2 In their application, the applicants sought interlocutory relief restraining the respondent from using the names “Pearl Kitchen Café Bar Functions” and any other names substantially identical or deceptively similar to names used by the applicants in relation to its restaurant and bar business. The names “Pearl”, “Pearl Restaurant and Bar”, “Pearl Restaurant”, and “Restaurant Pearl” have been used in connection with the restaurant and bar business owned by the applicants, and their predecessors, since 2000.
3 The applicants and the respondent have now reached an agreement, including for final orders. These orders address the fundamental dispute between the parties, and I congratulate them for arriving at a sensible agreement. No doubt, there is a strong commerciality in the result that has been arrived at by the parties.
4 The outstanding matter for determination by the Court is the question of costs.
5 Following the commencement of proceedings by the applicants, the respondent made an offer in writing which addressed the substance of the claim. The respondent agreed to refrain from further using the description “Pearl” in connection with its restaurant business. There were some fairly minor differences between the terms of that offer and the terms of the final orders agreed to by the parties. Perhaps most significantly, in the offer, a period of eight weeks was to be allowed for the use of the name, signs, business cards, advertising, and menus to cease. In the agreed orders, that period is considerably shorter.
6 There was, in all likelihood, no reason why the accord which has been reached in Court today could not have been reached by constructive discussions immediately following the delivery of the open offer by the respondent. The offer made by the respondent was rejected, and no counter-offer was made by the applicants. The parties then locked themselves into an unfortunate position of non-communication. It follows that neither party should bear the costs of the other following the making of the open offer by the respondent. The applicants and the respondents should each bear their own costs from Monday, 6 June 2011.

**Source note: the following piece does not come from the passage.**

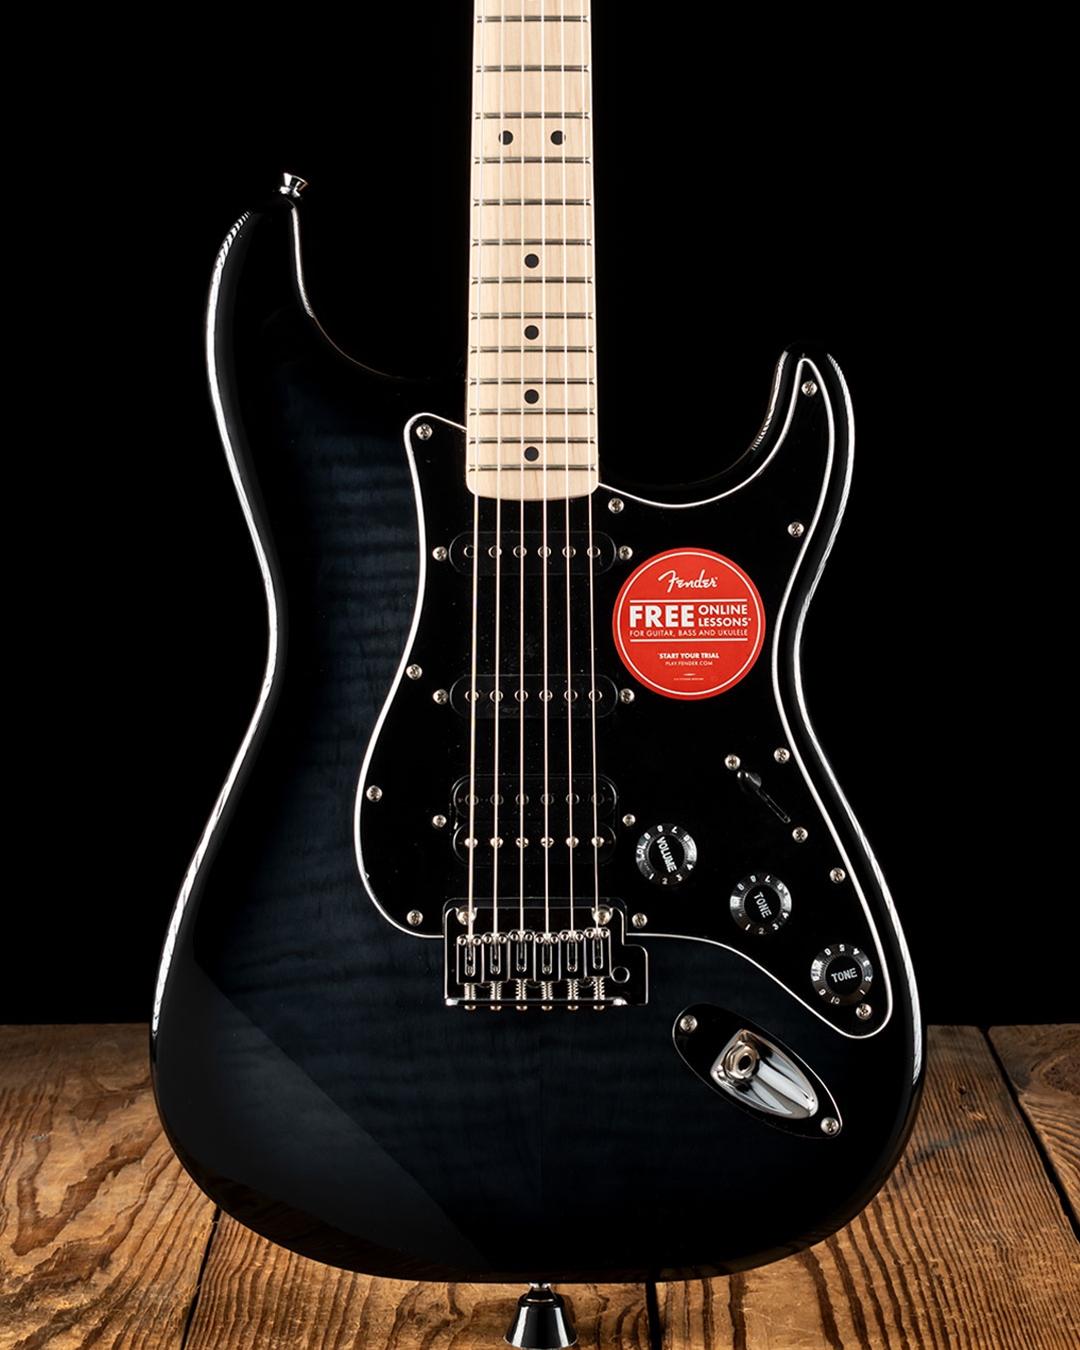 Squier Affinity Series Stratocaster FMT HSS - Black Burst

7 The period prior to the issue of proceedings stands in a different category. The application to the Court was, from the point of view of the applicants, necessary in order to protect their legal rights. Those rights, for whatever reason, be they commercial, legal or otherwise, have ultimately been accepted by the respondent. In those circumstances, it seems proper that the respondent bears the costs of the applicants prior to, and for the issue of, the proceedings.
8 There is little disagreement about the amount of the costs to be payable by the respondent. Mr Samargis, who appeared as counsel for the applicants said that the solicitors for the applicants spent a total of 25 hours in the preparation of the case. He explained the work which he devoted to the case. He spent a half day conferring with his instructing solicitor, and another half day conferring with his clients. He spent a day drawing the pleadings, and two affidavits which have been filed in the Court, and one further day preparing the case and written submissions.

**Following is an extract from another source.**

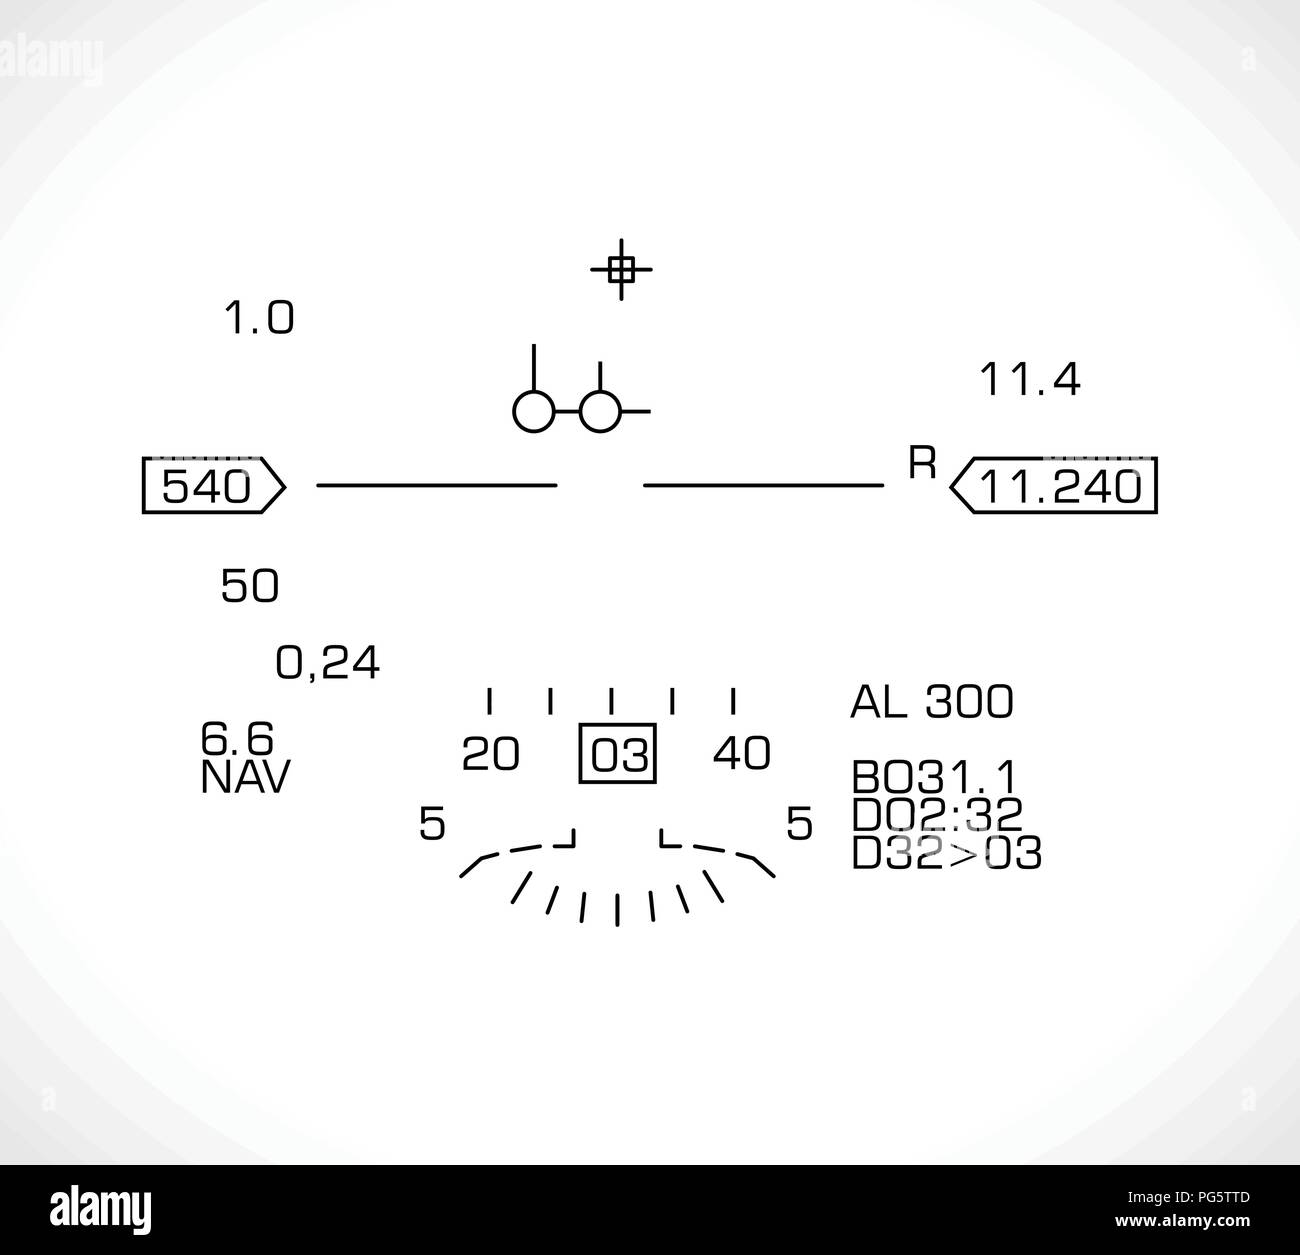 HUD display - jet fighter flight nawigation system Stock Vector

9 The times submitted by Mr Samargis in relation to the applicants’ preparation of the case appear reasonable. Mr Fitzpatrick, who appeared as counsel for the respondent, did not contest that proposition. In a case such as the present, a fair market rate as between party and party for counsel, is in the region of $4,000 a day. For solicitors, the rate is about $440 per hour. As a consequence, the total fees at those rates amount to approximately $22,000. It seems reasonable to adjust that total to take into account the difference between solicitor/client and party/party costs, by about a third, or to round it off, $7,000. The result is $15,000, the amount which, quite independently, the respondent proffered by way of open offer.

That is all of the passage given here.